The students read a chapter on the history of ketchup from Dan Jurafsky’s The Language of Food: A Linguist Reads the Menu. During class, each student received a package of ketchup and a napkin, with the mandate to open the packet and smell or taste the contents, and finally free-write whatever came to mind. I had anticipated a kind of Proustian moment for the students springing out of this exercise, although I told them to refrain from writing a novel in the 5-6 minutes I had allotted for this activity.
After they finished writing ketchup-related prose, I asked them to distill and repackage the essence of their free-write into a haiku. The goal was to help the students participate in the process of adjusting information to meet the requirements of the communication task and its implied audience(s).
One of my students, Jordan, gave me permission to show what he produced through this exercise:
Vinegar.
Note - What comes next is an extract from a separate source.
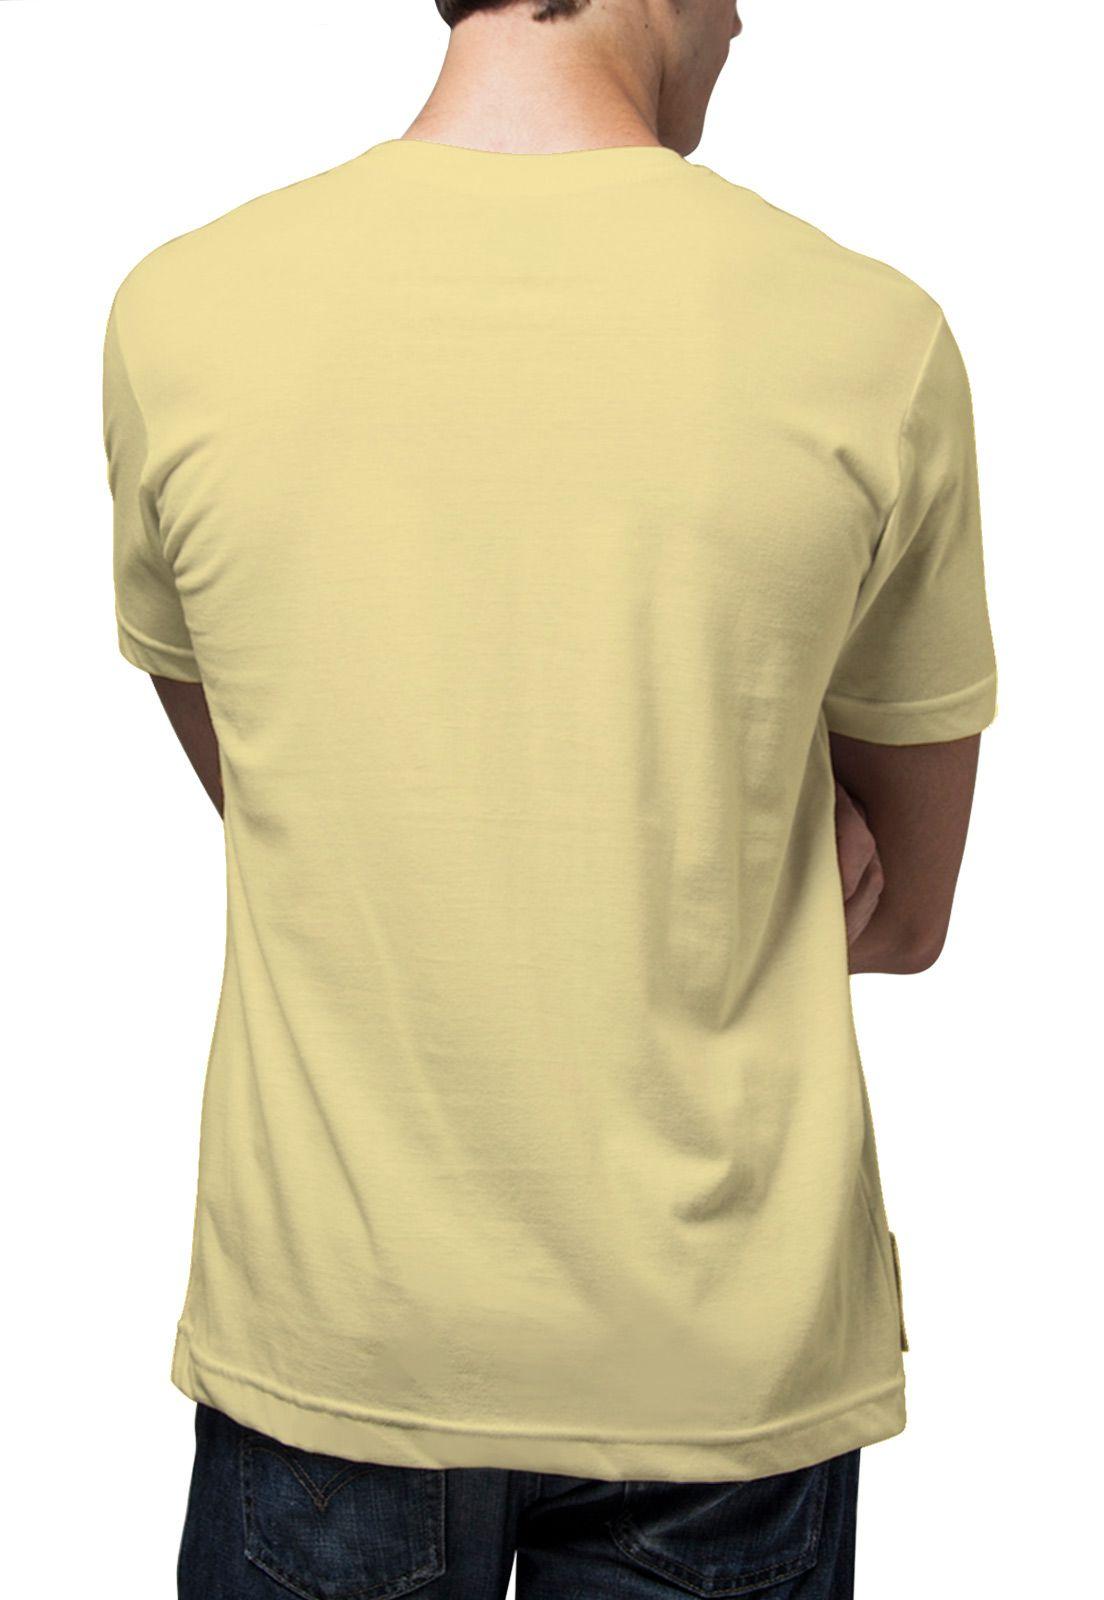 Camiseta Amazônia Todos Pela Natureza - Amarelo

The first flavor that comes through above all others in Ketchup [sic]. You don’t even have to put it to your tongue and the smell has already made your mouth tangy and watery. After the vinegar taste has past, a burst of tomato rushes through. It is almost as though a juicy red tomato blew up in your mouth.
Now though, all I want is some waffle fries to go with this ketchup. There is just something about fresh fried potatoes in that famous waffle pattern along with classic Heinz ketchup. It must be a match made in heaven because the flavors go together so well. As you bite into a fresh fry covered in ketchup, you get a rush of vinegar and tomato followed by the oily starchy salty goodness of potato fresh out of the fryer. You can’t just stop at one. No, you have to eat the whole pack and then go back to the counter for more.
While ketchup goes great with fries, not all of the fries must have ketchup. Variety is the spice of life, and so too it is with fries. Sometimes there is more ketchup than fry while others remain completely clean of that red paste. Each fry is still good though, and in the end the…
Afterwards, he revised his paragraphs into the conventional 5-7-5 form:
Salty waffle fries
Covered in ketchup so sweet
Just one more fry please
In Hindsight
I would have brought a bottle of ketchup from home instead of dashing to the Chik-Fil-A in the Student Commons to grab enough ketchup packets for my whole class. This action would have saved me time and the $4.49 I spent on the chicken biscuit combo I purchased out of guilt for taking so many packets.
OR
I could have, instead, assigned the students to read “Ice Cream” by Anne Fadiman and made peanut butter milkshakes in what probably would have been the single-most memorable class period of my students’ burgeoning academic careers.